For all of its massive implications, Title IX of the Education Amendments of 1972 is surprisingly short. In just one sentence, it prohibits discrimination on the basis of sex in any educational institutions that receive federal funding. The law is applicable to all aspects of a school–academics, housing, and financial assistance, to name a few–but it garners the most attention in athletics.

Throughout Mitch Gore’s eight years serving as Wilson’s Athletic Director, student participation in sports has doubled. In the 2011-12 school year, roughly 25 percent of the student body participated in sports, compared with nearly 50 percent in the 2016-2017 school year. In this same time period, the discrepancy between male and female participation in sports was nearly eliminated. In the 2011-12 school year, there was a ten percent difference between female enrollment and female participation in sports. In other words, females represented 49 percent of Wilson’s total student body, but only 39 percent of Wilson’s athletes. Thanks to efforts by the athletic department, this gap was all but eliminated the very next year–there was only a one percent difference between female enrollment and athletic participation.

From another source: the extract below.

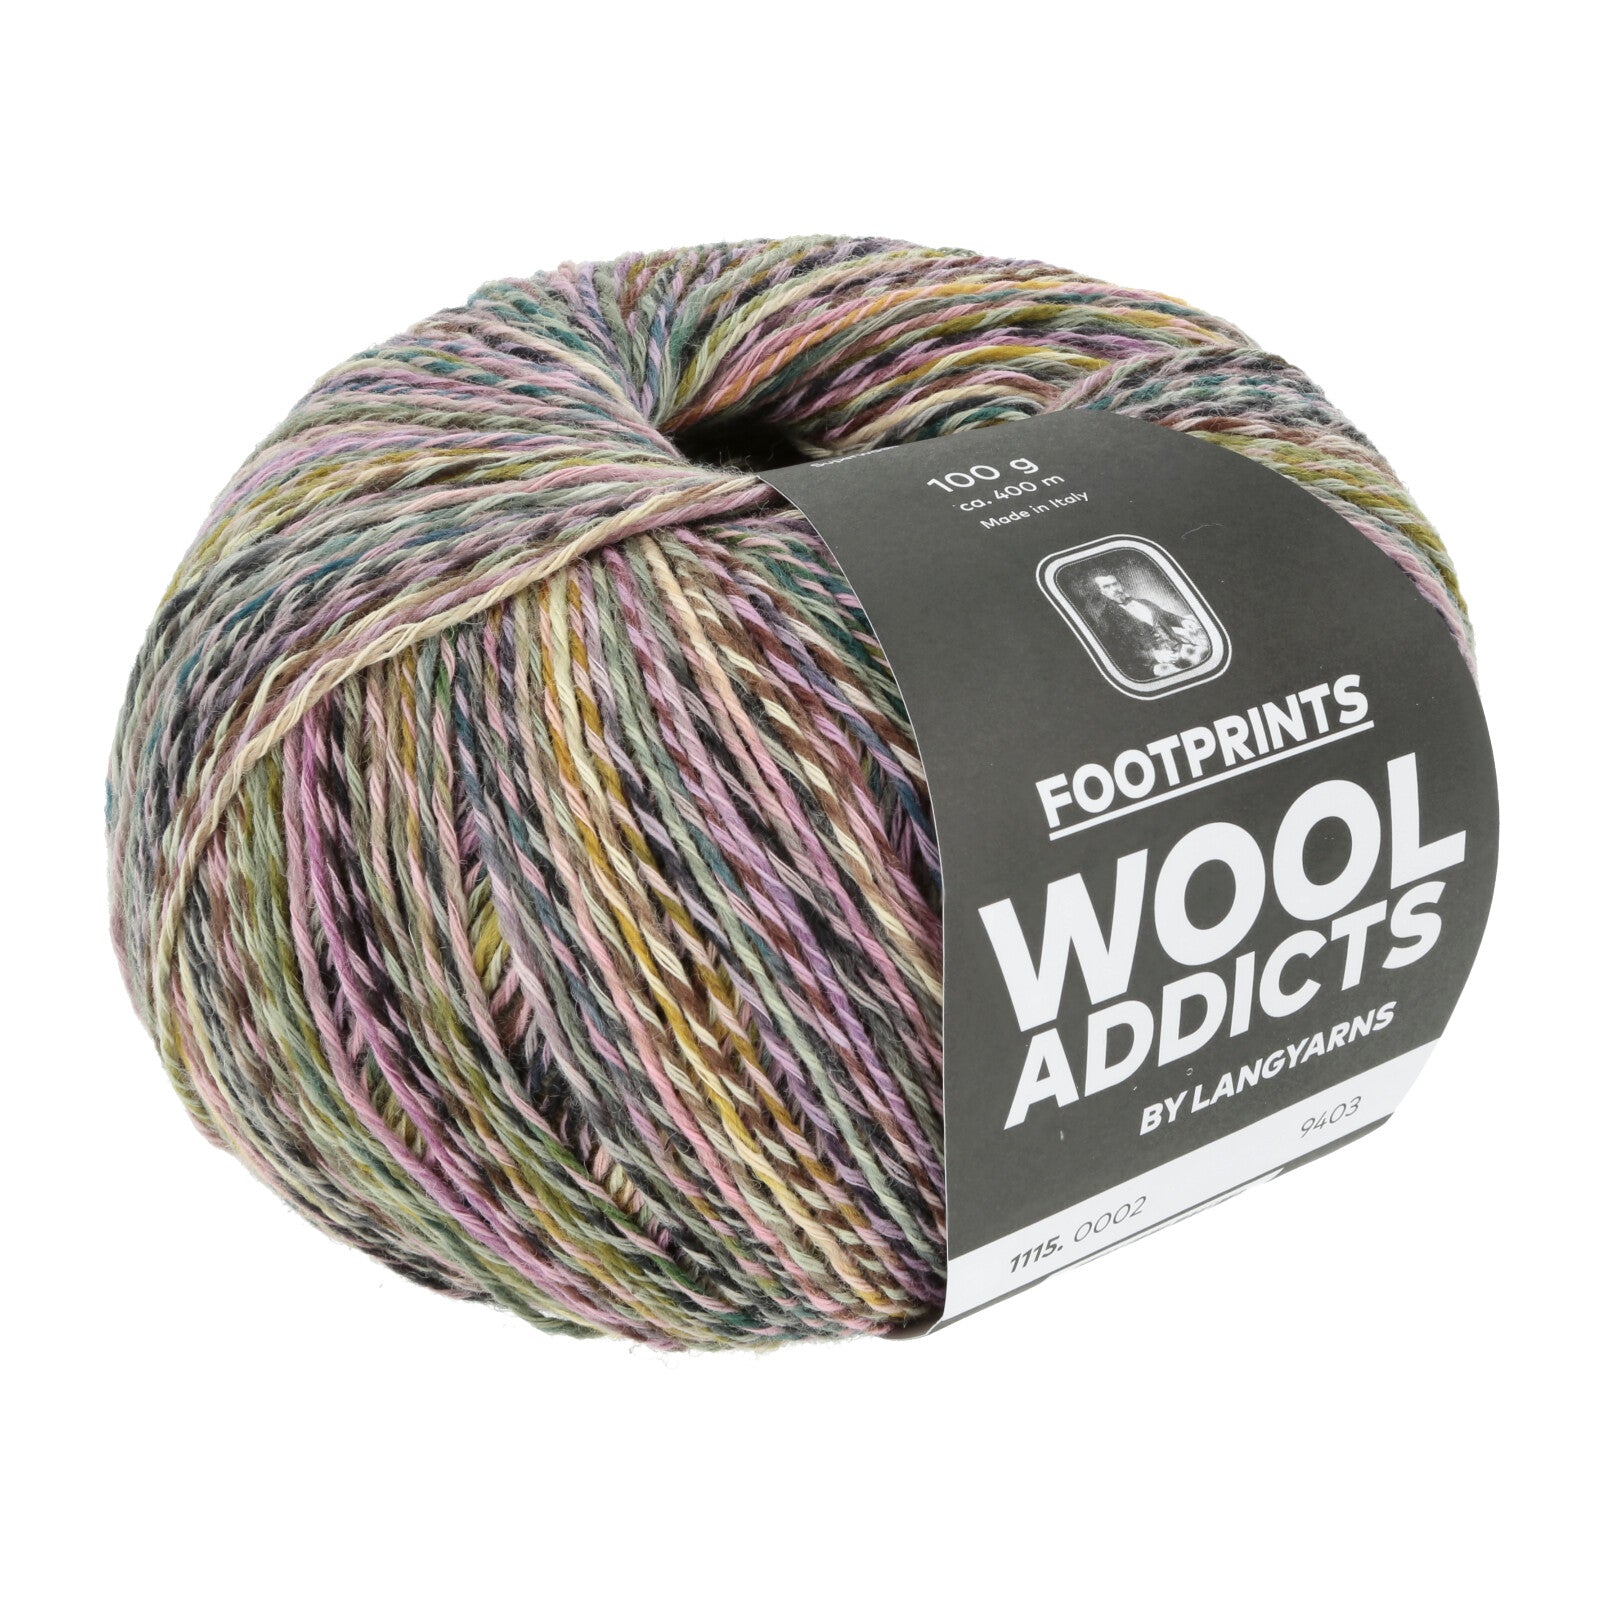 WoolAddicts Footprints yarn color Two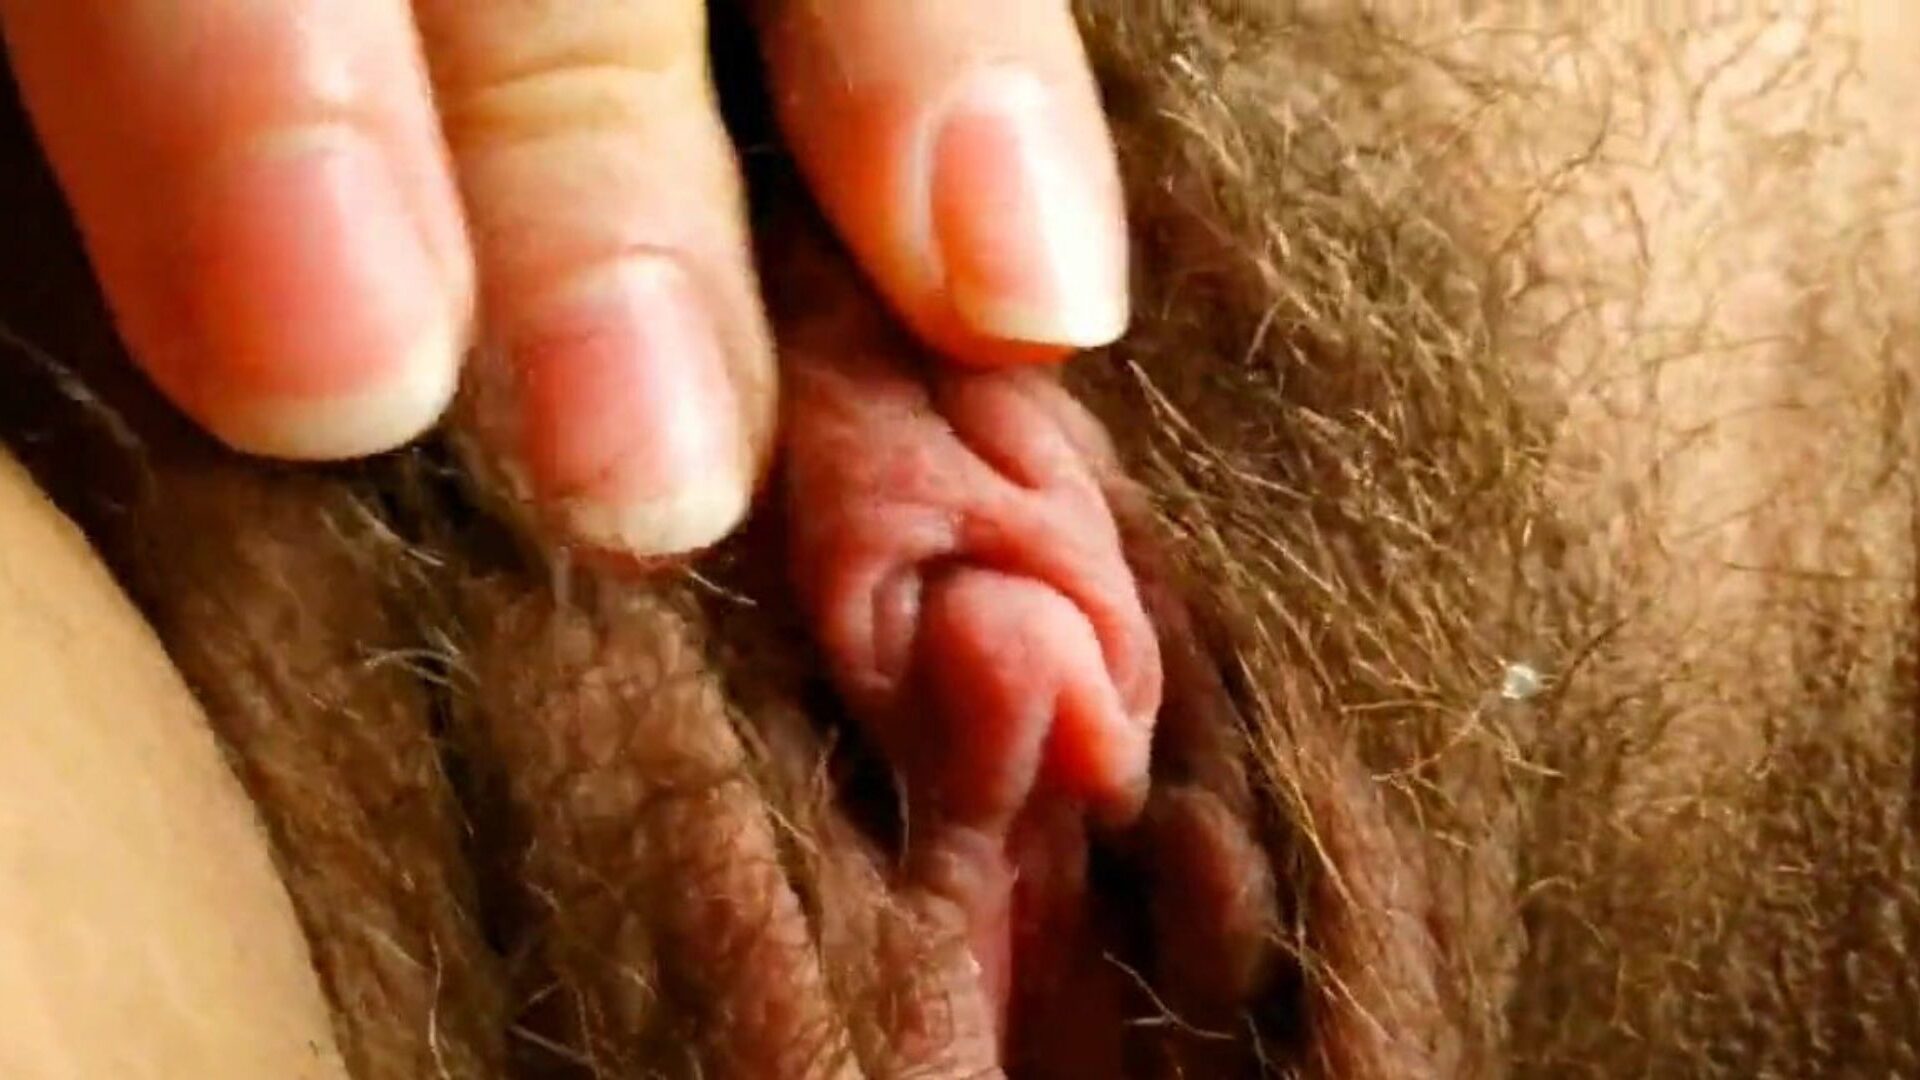 c'est le gros clitoris le plus sexy que vous ayez jamais vu: hd porn af watch c'est le gros clitoris le plus sexy que vous ayez jamais vu vidéo sur xhamster - la collection ultime de vidéos porno hardcore brésiliennes poilues hd hardcore

Every year after submitting their annual reports to DCIAA, the Wilson athletic department is commended for full compliance with Title IX. Yet Title IX Coordinator and Women’s Sports Liaison, Patrice Arrington, is no stranger to internal complaints of gender inequality in Wilson’s athletic programs. This paradoxical discrepancy has a simple explanation: the minimalist nature of Title IX.

Counterintuitively, many issues of alleged gender inequality at Wilson are not punishable on the basis of Title IX violations. The law, in its simplicity, demands less than one might expect. In order to achieve compliance, the Wilson athletic department must prove to be meeting two primary standards: providing an equal number of programs of interest to both boys and girls, and allocating facilities fairly.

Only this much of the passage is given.